When you're pregnant, there are a lot of things that you're told you "shouldn't do". But when it comes to determining which beauty products are safe for you to use at every stage, the waters are murky. It’s surprisingly difficult to find solid pregnancy skincare advice online. There is, however, one thing that is certain: your skin will go through significant changes throughout pregnancy.
If you ever had any doubt of the power of hormones can have on your skin, you won't be when you're expecting. Pregnancy is usually associated with a gorgeous glow but there is a slate of other skin issues you might have to deal with - adult acne, heightened sensitivity and a 'pregnancy mask' of pigmentation. Not to mention the stretch marks and sore nipples.
To help you navigate the beauty minefield that pregnancy presents you with, we sat down with Dr Hayley Dickinson BSc (Hons), PhD, a leading Australian research scientist, who was instrumental in developing Endotoa's new nurture range for mother and baby.
Endotoa's nurture lineup feature six products - each being certified organic and as pure and natural as possible - designed to specifically protect the delicate ph balance of newborn skin. Additionally, there are two offerings just for you; Moisture Rich Belly Butter and Nourishing Nipple Balm.
Here, we ask Dr Hayley explains everything you need to know about pregnancy and newborn skin care.
mc: During pregnancy which skin care ingredients should we avoid?
Dr Hayley: It's about simplifying things. Like, retinol, for example, that’s really common in cosmetics and is recommended to be avoided during pregnancy. You know, the risks are low but they are there. And its one of these situations where the consequences are pretty great – the risk is low but consequences are quite serious. Pregnancy can be one of these situations were there’s a lot of things you can’t do: you can’t drink, you can’t smoke, you can’t eat soft cheese, you can’t eat sprouts, and if we look at it like that as this list of things we can’t do it can be pretty depressing.
And you want to do everything you can.

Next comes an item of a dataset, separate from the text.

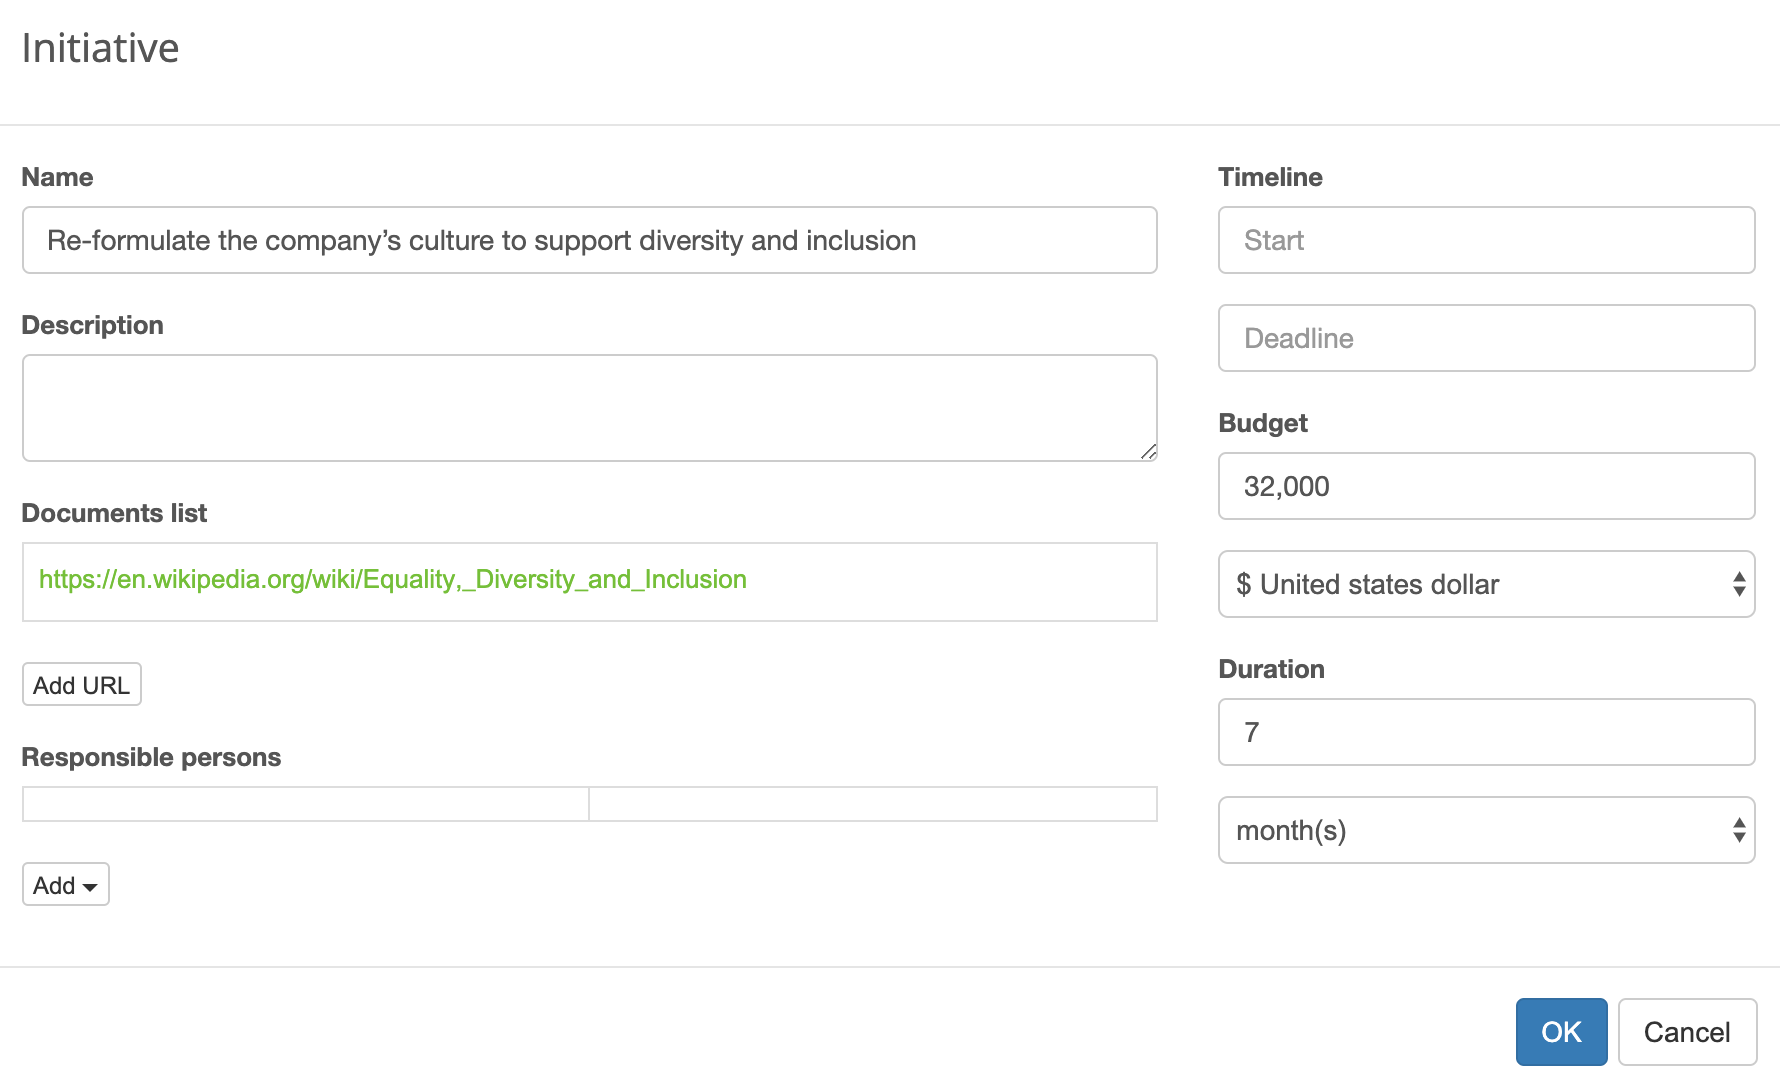 Initiative in BSC Designer software

So in terms of the products, we’ve gone back to basics, everything is organic, natural – that natural word can mean all sorts of things but from this perspective, the products are naturally derived from nature.
There are none of those SLS; no mineral oil, paraben oil, just oil school ingredients that have kind of been around forever. Pregnancy is not a time for actives, its not a time to try fancy new things. Just get back to basics."
mc: What's the best way to treat stretch marks?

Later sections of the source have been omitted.